### Exercise directions
Every entry below is to be copied exactly, apart from any picture it holds.

── Records for this exercise ──

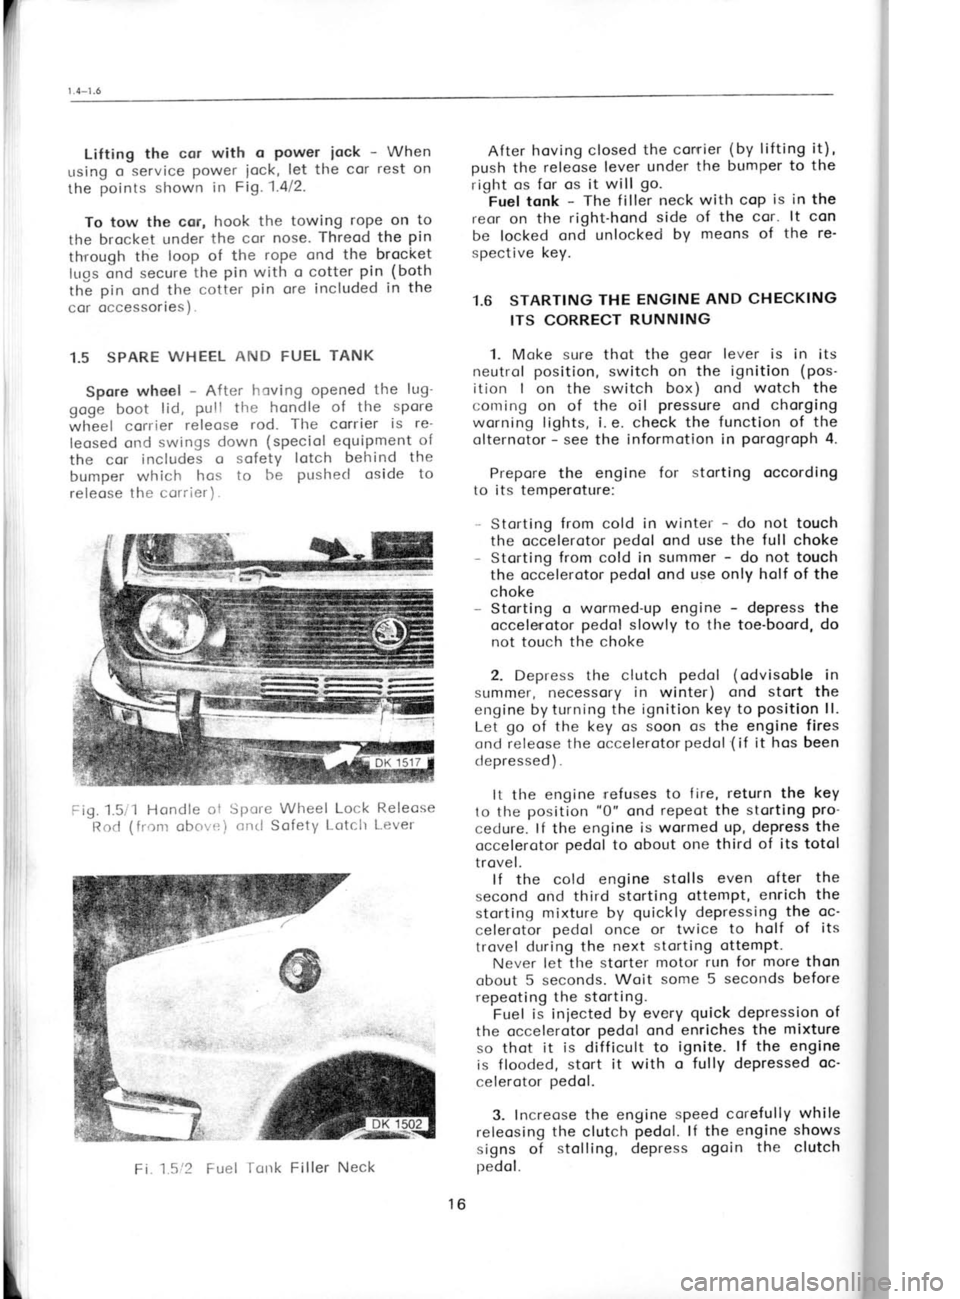 SKODA 120L 1980  Workshop Manual Lifting 
the cor with  o 
Power  iock - 
When
r-rsing  o service 
Power iock, let the 
cor rest  on
the  points 
shown  in Fi1.1.412.
To tow  the  cor,  hook the  towing  rope on 
to
the brocket  unde
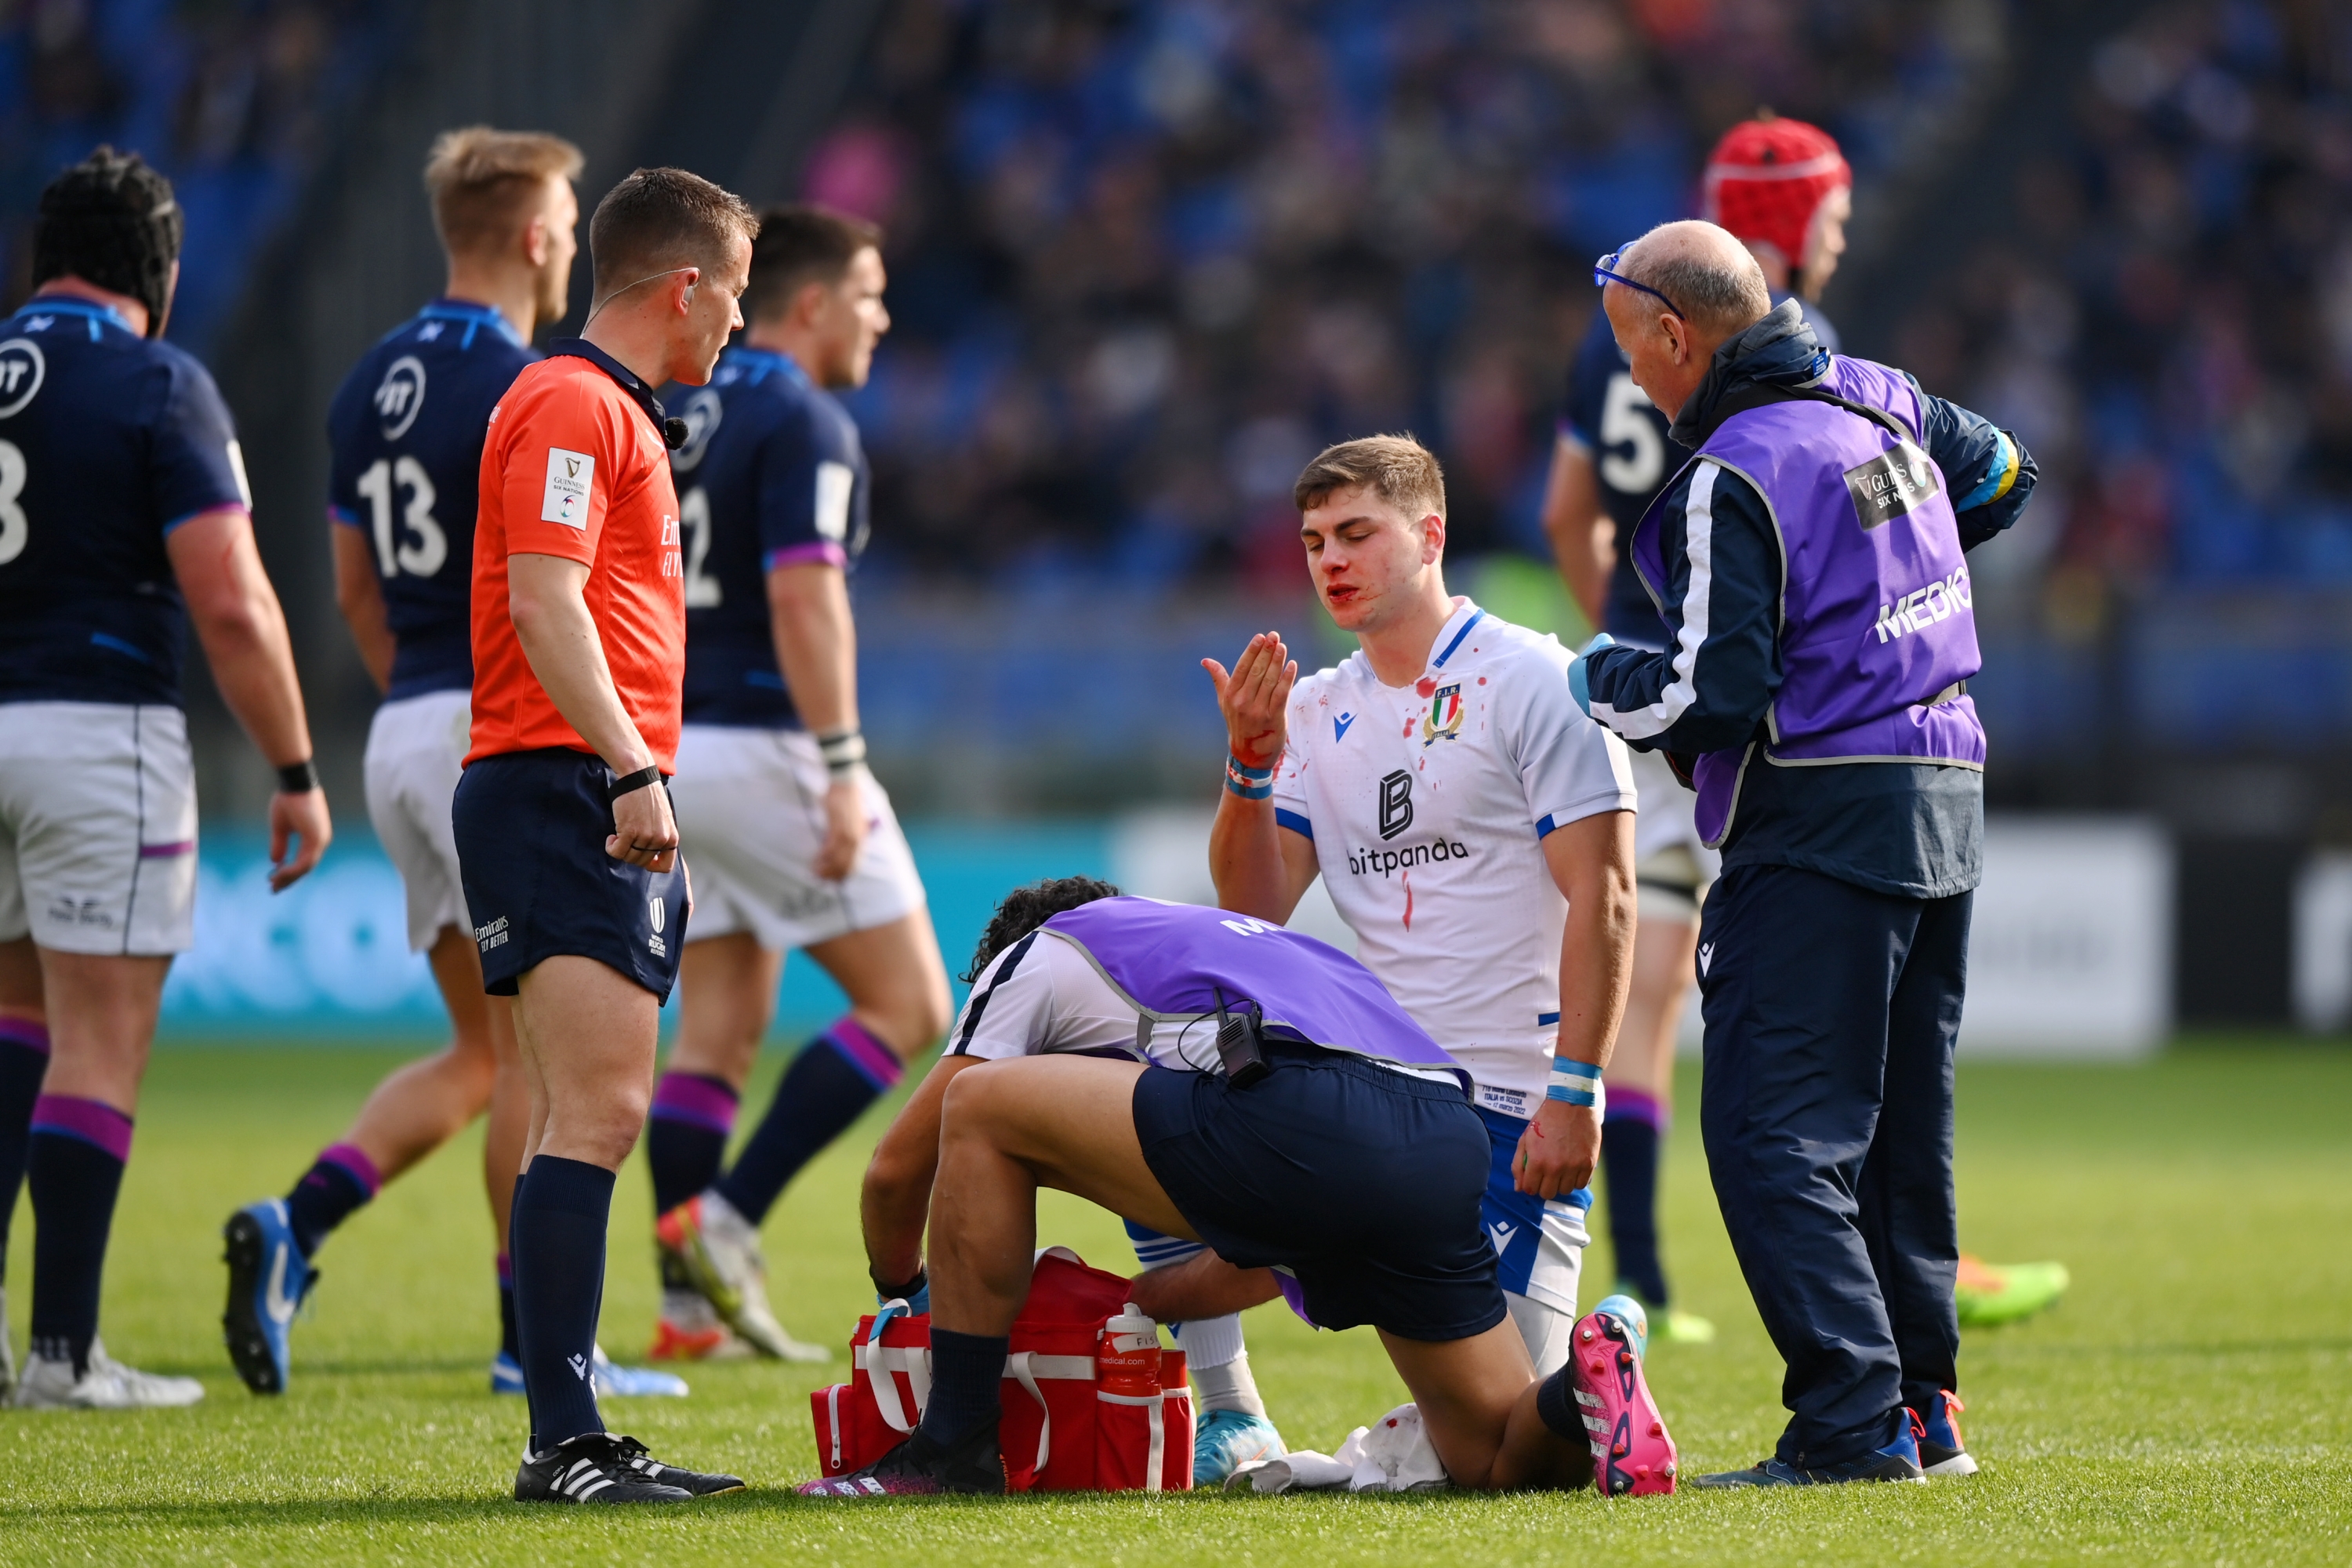 ROME, ITALY - MARCH 12: Leonardo Marin of Italy receives medical treatment during the Guinness Six Nations Rugby match between Italy and Scotland at Stadio Olimpico on March 12, 2022 in Rome, Italy. (Photo by Justin Setterfield/Getty Images)

───

### Solution
 SKODA 120L 1980  Workshop Manual Lifting 
the cor with  o 
Power  iock - 
When
r-rsing  o service 
Power iock, let the 
cor rest  on
the  points 
shown  in Fi1.1.412.
To tow  the  cor,  hook the  towing  rope on 
to
the brocket  unde
 ROME, ITALY - MARCH 12: Leonardo Marin of Italy receives medical treatment during the Guinness Six Nations Rugby match between Italy and Scotland at Stadio Olimpico on March 12, 2022 in Rome, Italy. (Photo by Justin Setterfield/Getty Images)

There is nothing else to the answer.